----- Data segment
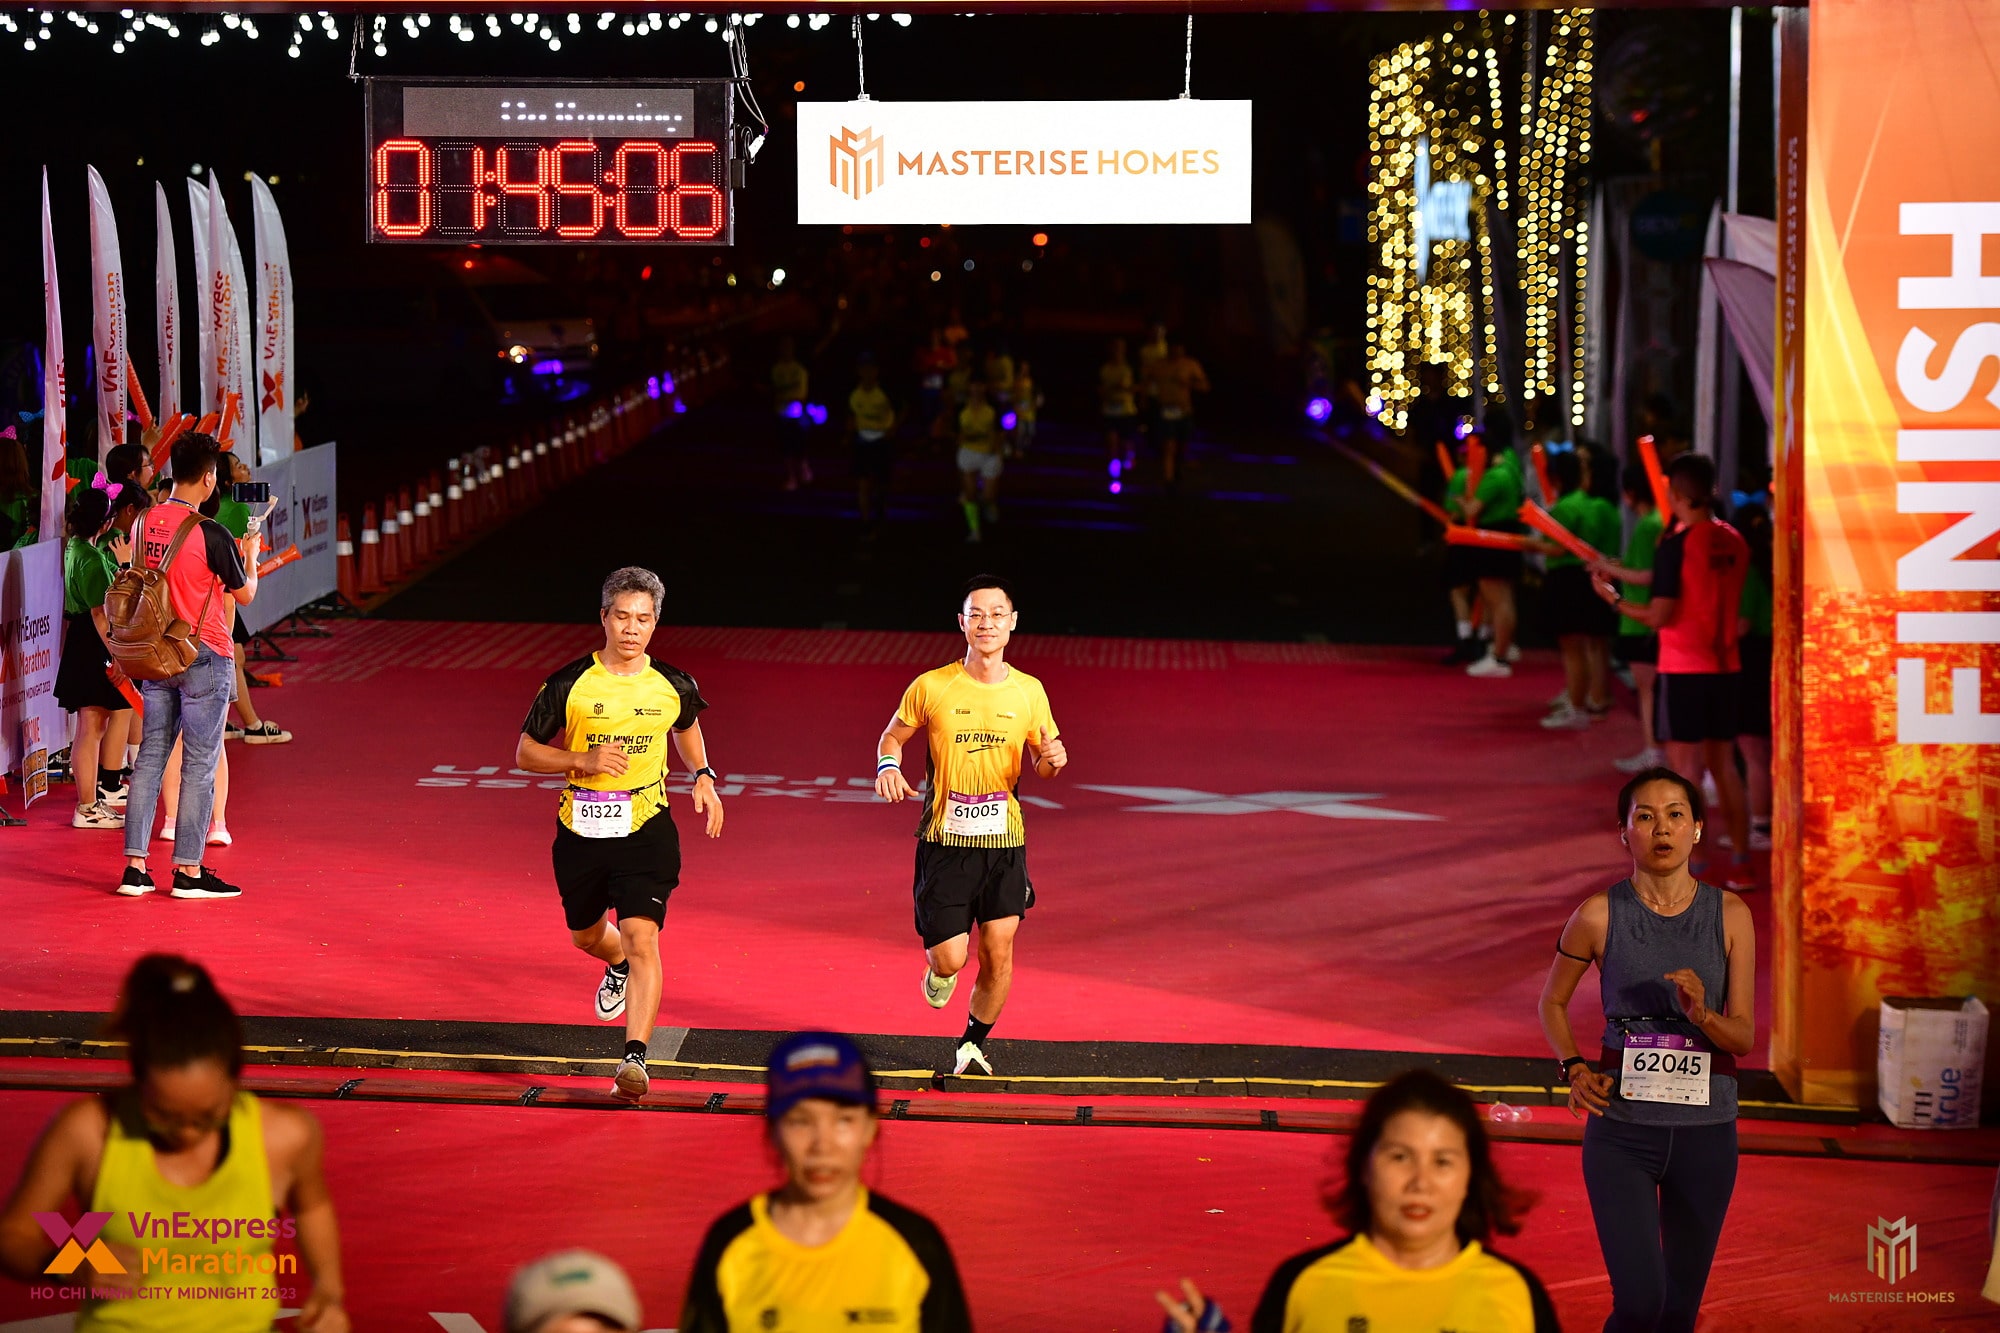 拥有超过 10,000 名运动员的 MASTERISE Homes 在胡志明市完成了第一场夜跑
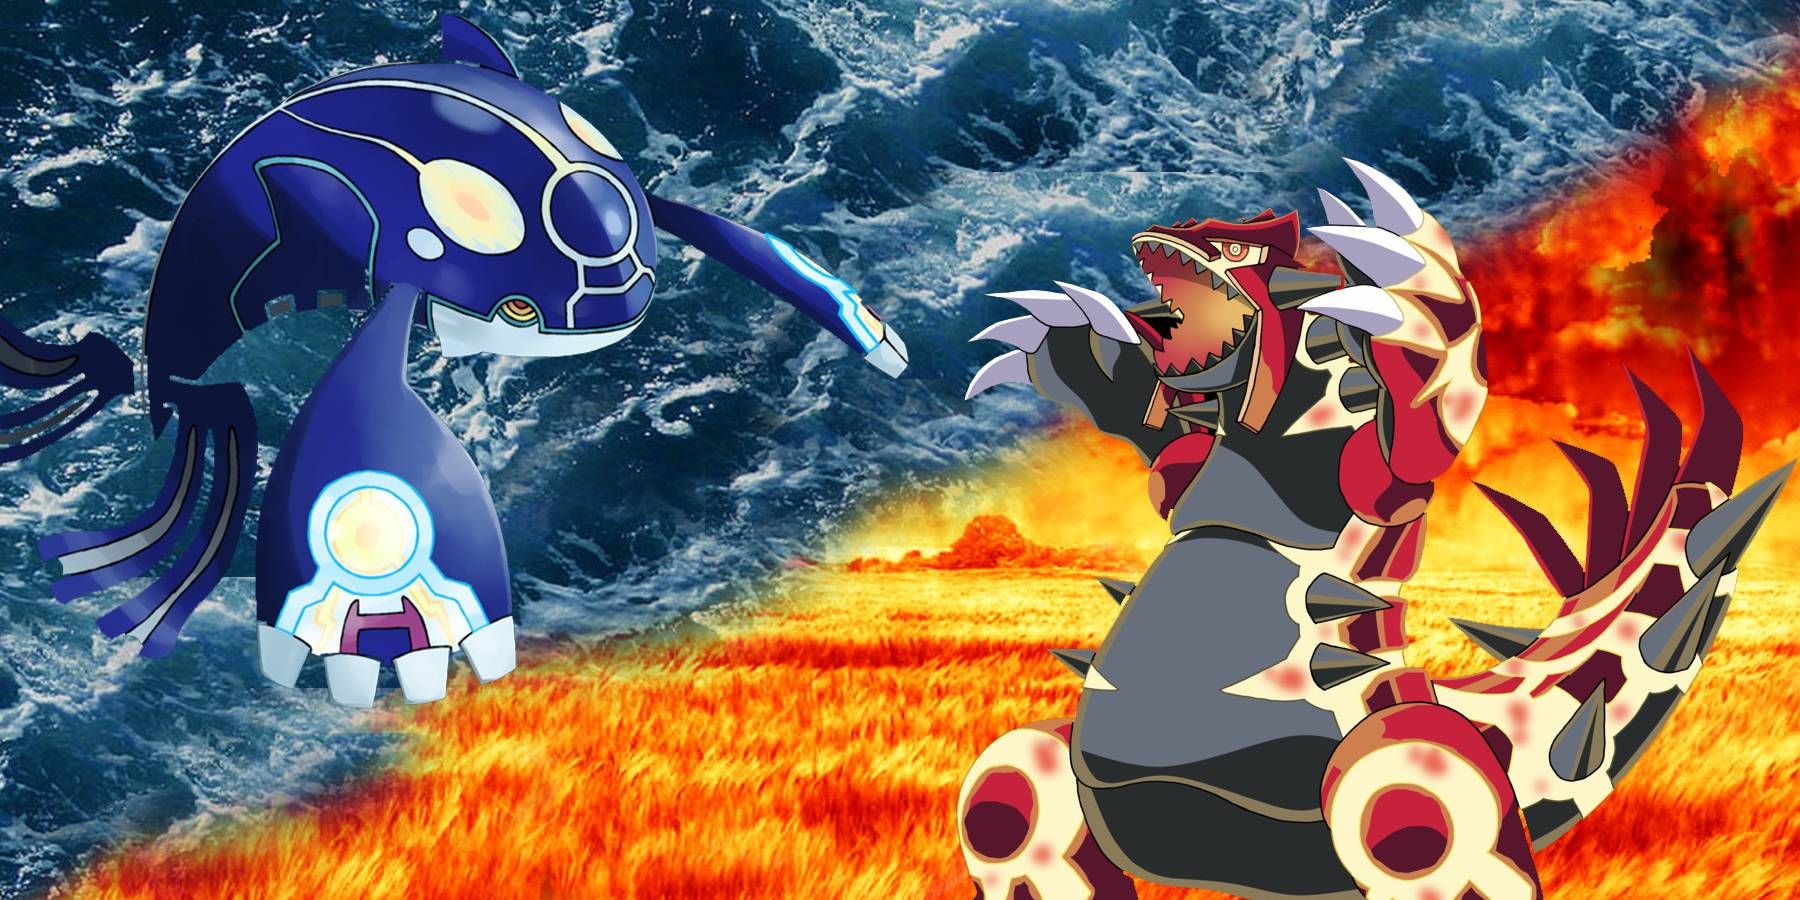 Kyogre Groudon Ruby Sapphire Legendaries Appearing Pokemon Journeys Anime
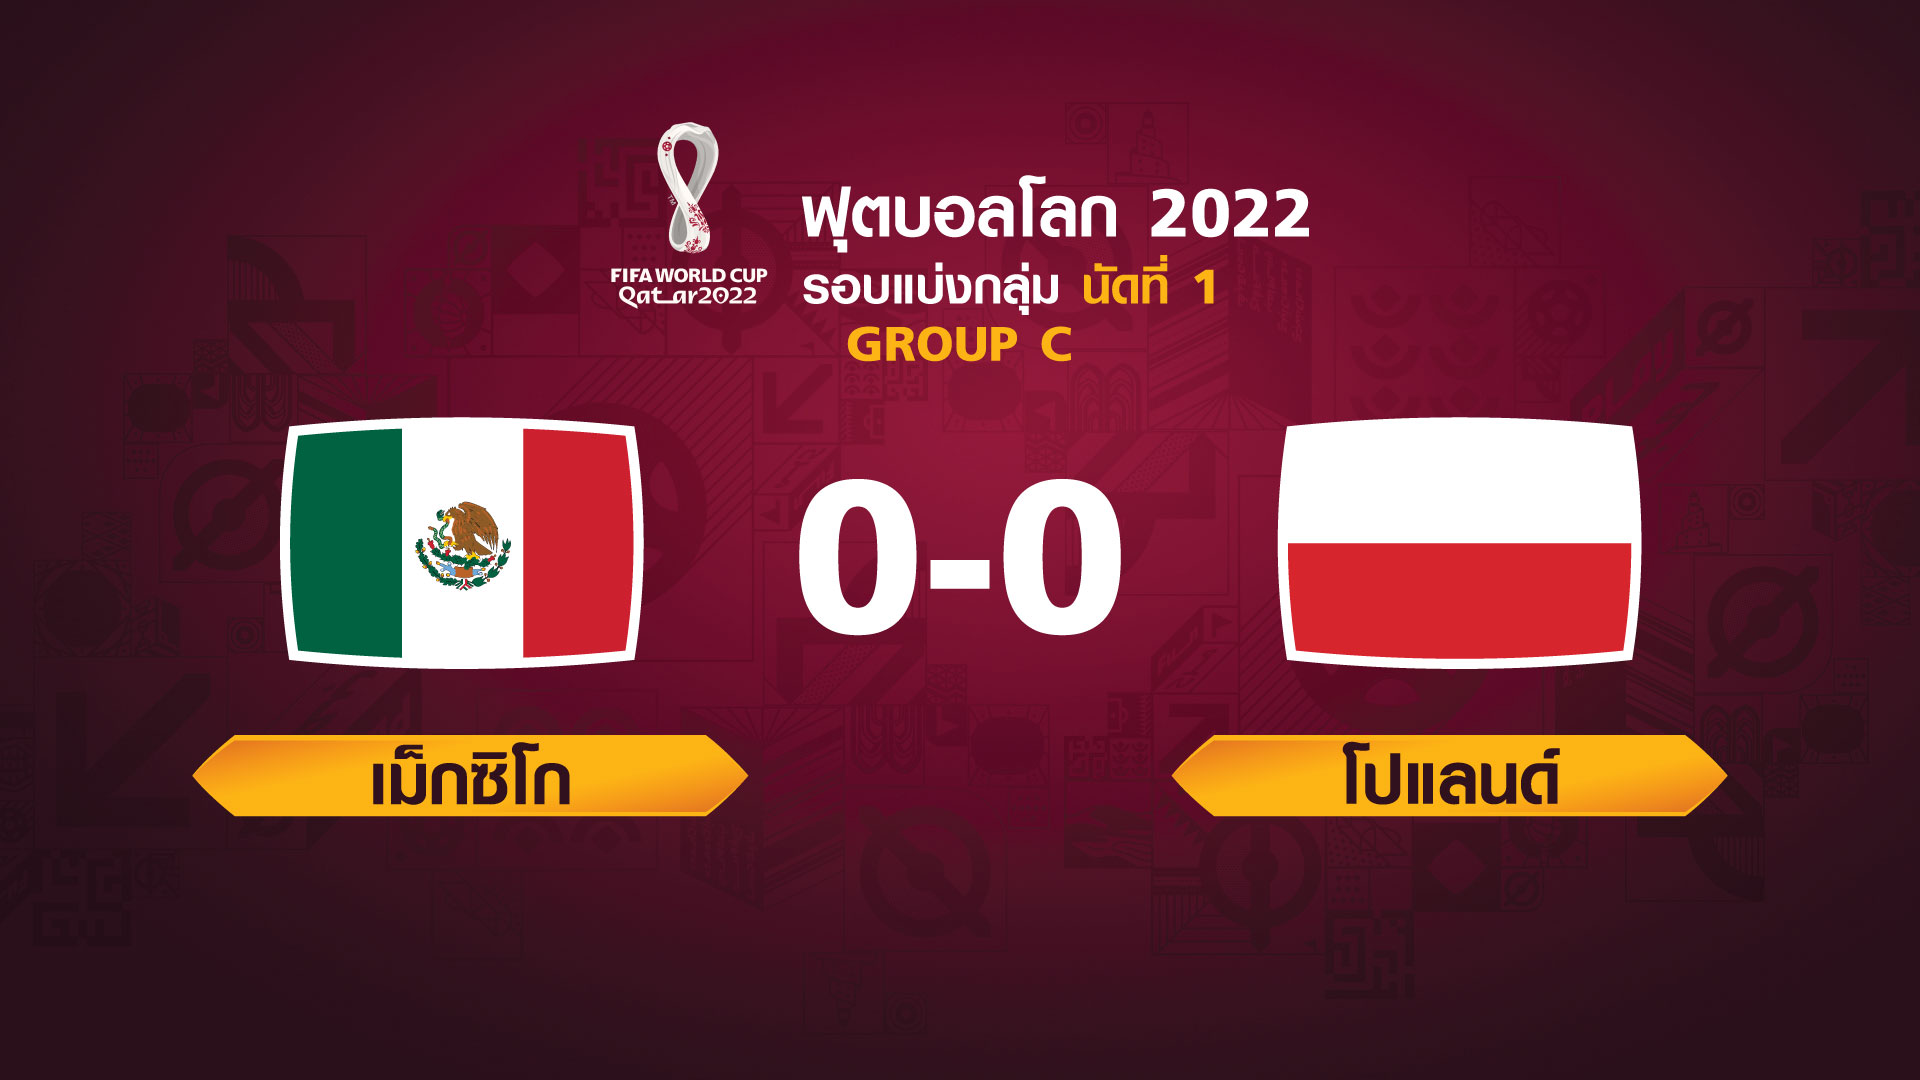 ฟุตบอลโลก 2022 รอบแบ่งกลุ่ม นัดแรก ระหว่าง Mexico vs Poland
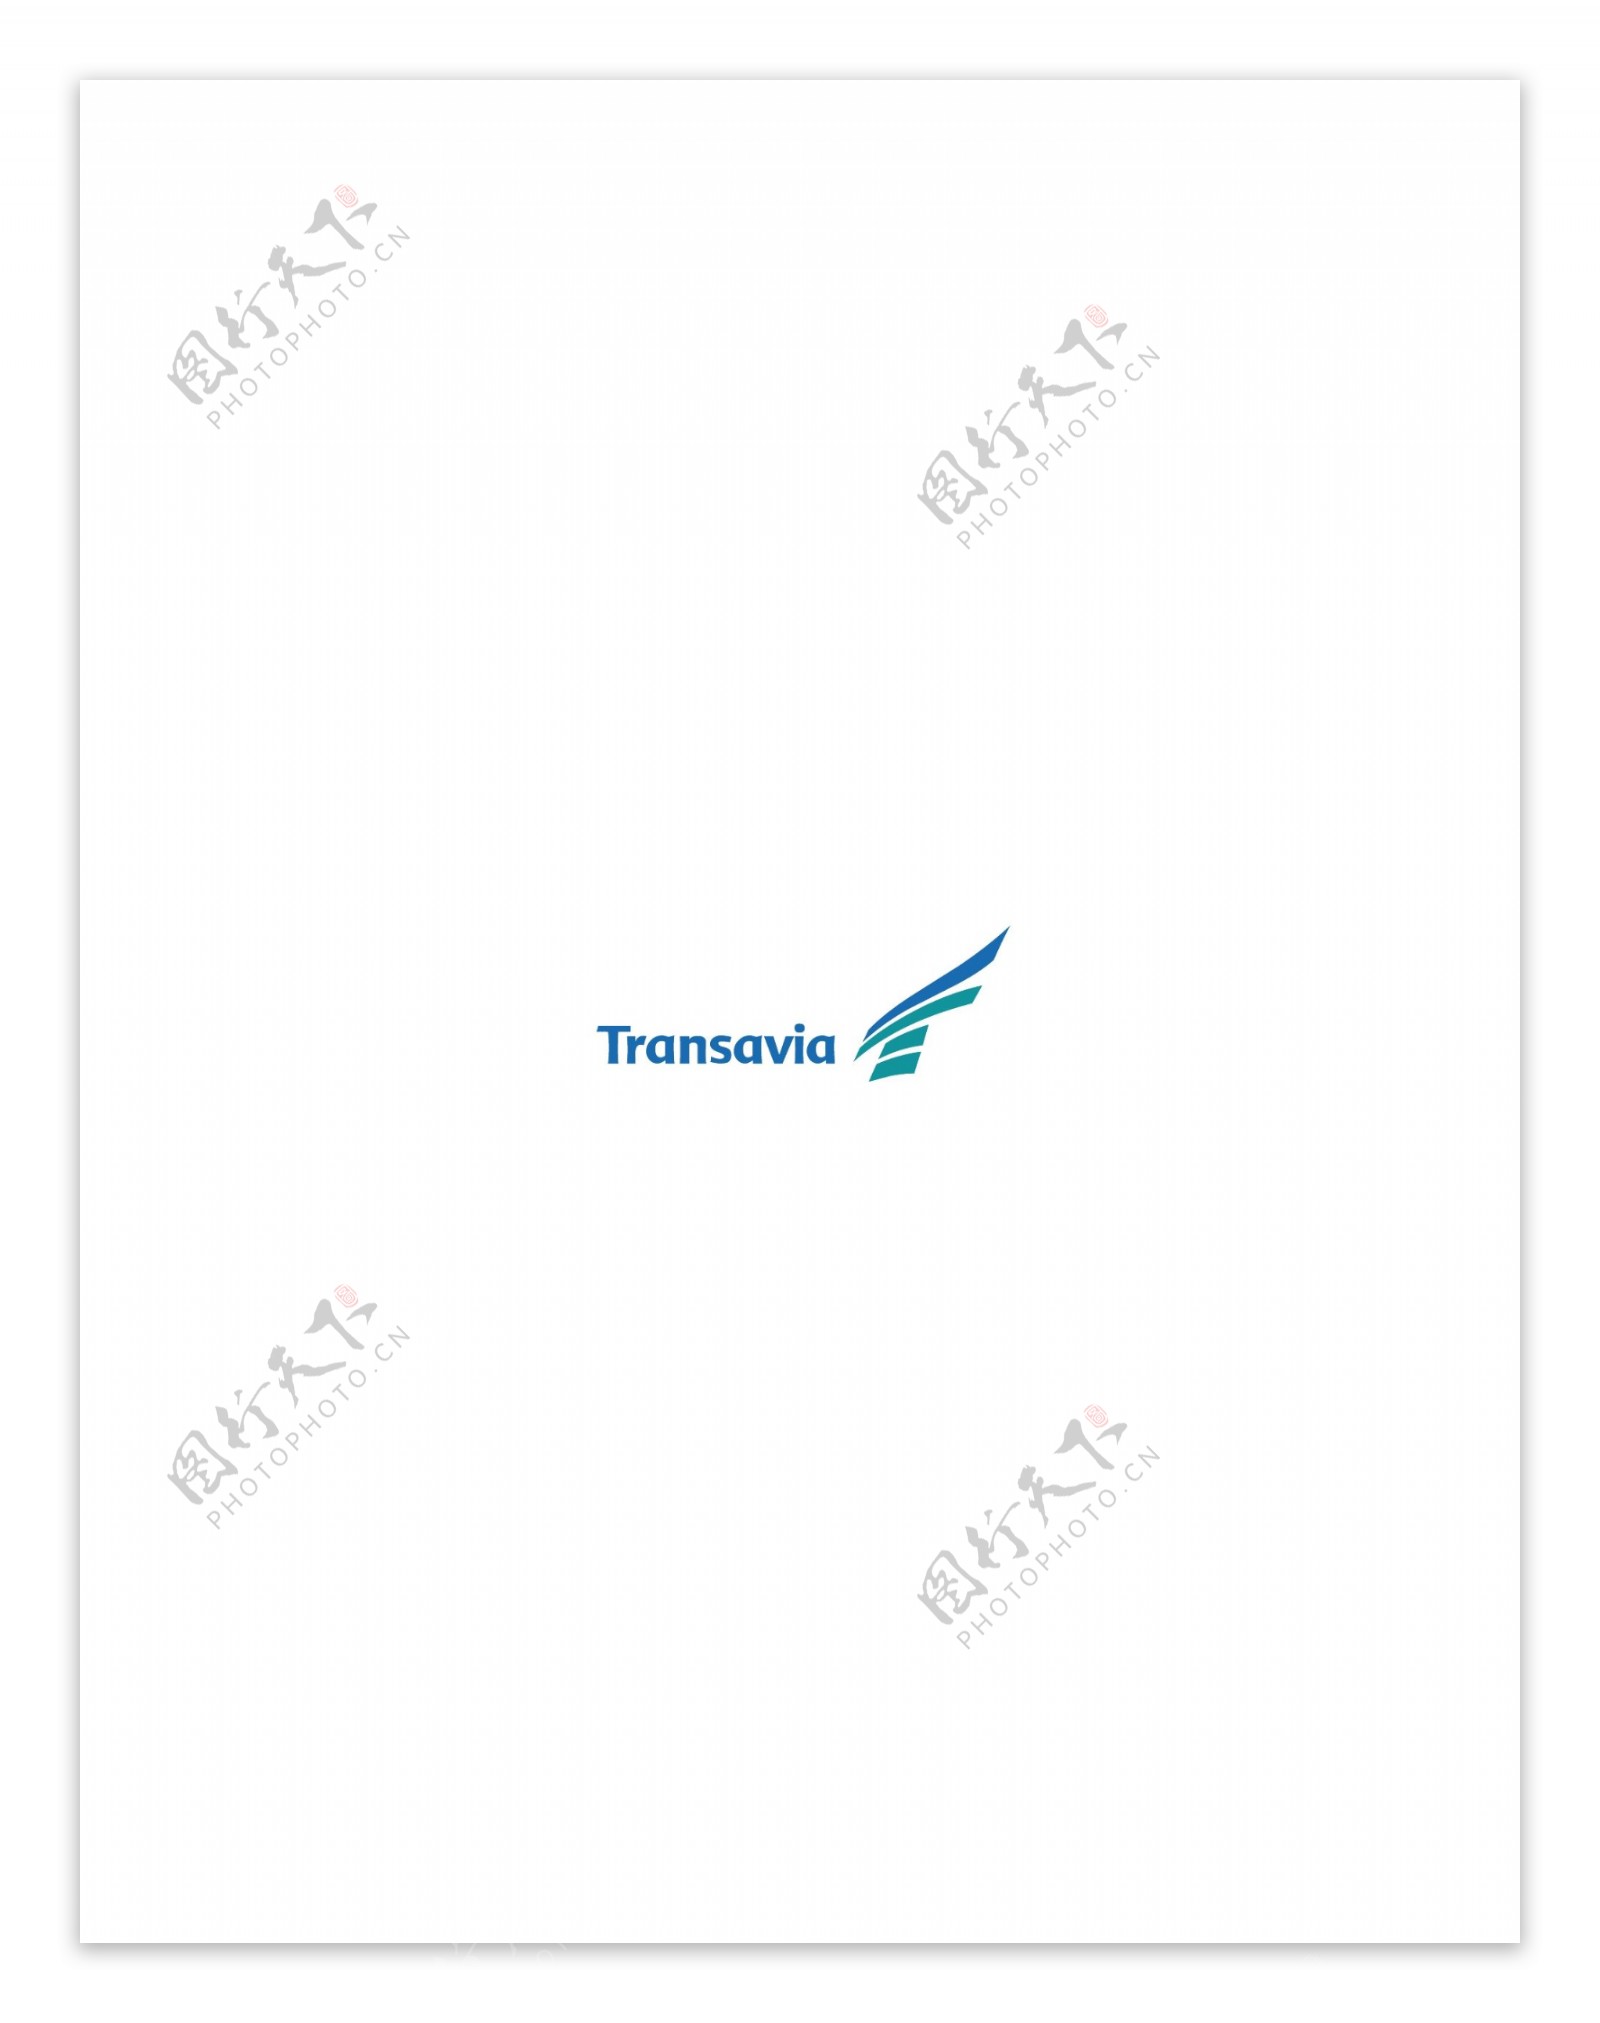 TransaviaAirlines1logo设计欣赏TransaviaAirlines1航空标志下载标志设计欣赏
----------
Please set down each line of the data above exactly as written, without the pictures.

 拥有超过 10,000 名运动员的 MASTERISE Homes 在胡志明市完成了第一场夜跑
 Kyogre Groudon Ruby Sapphire Legendaries Appearing Pokemon Journeys Anime
 ฟุตบอลโลก 2022 รอบแบ่งกลุ่ม นัดแรก ระหว่าง Mexico vs Poland
 TransaviaAirlines1logo设计欣赏TransaviaAirlines1航空标志下载标志设计欣赏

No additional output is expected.